With Cloud DNS, you gain full control over your domain with features that boost performance and create intelligent resolution. However, if you require more advanced DNS features, such as sophisticated Failover or adaptive routing, the Global Traffic Manager (GTM) is one of the best options offered by Alibaba Cloud to tackle these problems. GTM is, in essence, the platform’s dedicated Global Load Balancer (GLB). For alternative or complementary options, you can also explore the Global Accelerator service. The following articles provide comprehensive details on these solutions:

With GTM, you gain powerful features that allow you to define your own failover and routing strategies, including:

GTM endpoint: the domain name through which GTM provides services
Address pool: A feature of GTM that is used to manage application service addresses, which can be IP addresses or domain names
Address: the endpoint of an application and also the response that is returned by GTM after the resolution and decision-making processes
Load balancing policy: a dynamic resource scheduling mechanism that selects an appropriate address pool for an endpoint and an appropriate address within the address pool based on specific algorithms and policies
Health check template: Health check feature performs real-time probes on the addresses in an address pool to evaluate the operational status and availability of application services.
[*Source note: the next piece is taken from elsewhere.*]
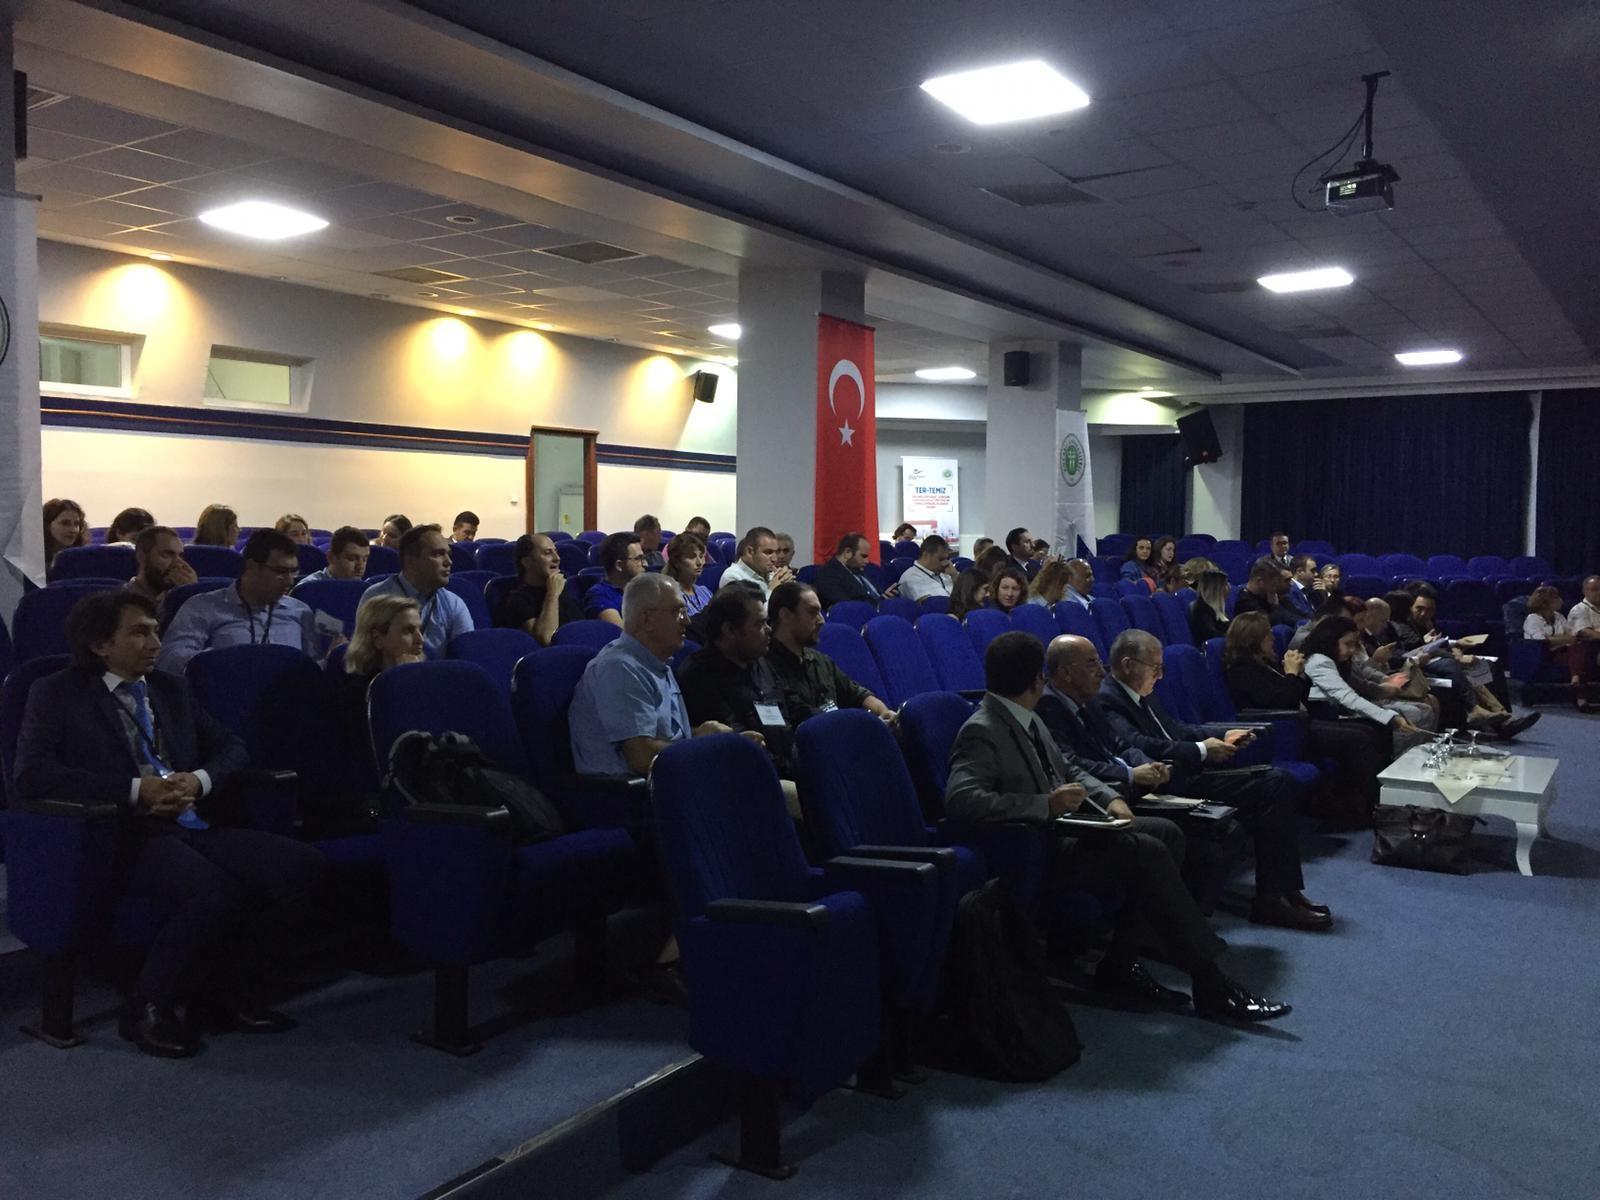 Tersanelerin Deniz Çevresine Olan Etkileri ve Temiz Üretim Tekniklerinin Belirlenmesi (TER-TEMİZ) Projesi Açılış ve Çalıştayı Yapıldı.

Supporting several protocol, e.g: Ping, TCP, or HTTP/HTTPS

You will have two ways to define GTM for your domain, such as

You can use DNS Public Zone with Health Check ⇒ Alibaba will automatically create GTM pattern for your DNS Record with Ping Protocol

Define by yourself GTM for DNS Record via GTM in Alibaba Record (Recommend). Read detail in GTM Getting Started

Question

Let’s break down couple of steps to define completely GTM Traffic Flow for situations, Implementation region-based intelligent resolution with GTM and also failover

For define GTM, you can choose Create Access Domain > Custom Scenario

center

Alibaba will provide you great UI/UX and visualization full workflow as diagram below, so I want define two traffic workflow including VN and Domestic Server for separate traffic between two cluster depend on region request

center

Warning

Remembering Disable state of GTM before becoming available, because it can cause downtime for your application if anything doesn’t healthy.

First of all, you will define access domain with A Record to setup the same DNS for multiple hosts

center

Note

For billing, Alibaba will suggest two options, include Pay As You Go and Subscription, with the price you need to be conclude for each domain created, so you need to carefully to apply full GTM strategies for entire service in your Kubernetes. Explore more at GTM Billing

Next, you can define address pools and it conressponds 2 pools for dedicated 2 different ALB, with different Type

For HK (Oversea Server), you can use Type Zone, which allow to setup CNAME Record and it will be available for ALB Domain of Alibaba, e.g: alb-xxx.xxx.xxx
For VN (Domestic Server), you can use same way but Type IPv4 for using the ALB as raw IP Address, e.g: 42.1.x.x

Lastly, you need to define Address where your ALB stay for but first you need to define your health-check template to assign for last step (Important)

center

I must relate this crucial point regarding Host Settings (via the Host: xxx header). This setting is an extremely important record that informs the GTM about which service is behind your IPv4 or Application Load Balancer (ALB) Domain, especially when traffic is ultimately handled by a Kubernetes Ingress.

Initially, I overlooked this detail and attempted to differentiate applications inside the Kubernetes cluster by using two types of Ingress configurations:

Wildcard Domain (Exact): This was intended to expose only the health-check path, allowing direct checkups via the ALB IP or Domain without requiring an additional header.
Specific Domain (Prefix): This was intended to provide full, domain-based control for services serving production traffic via the Ingress controller.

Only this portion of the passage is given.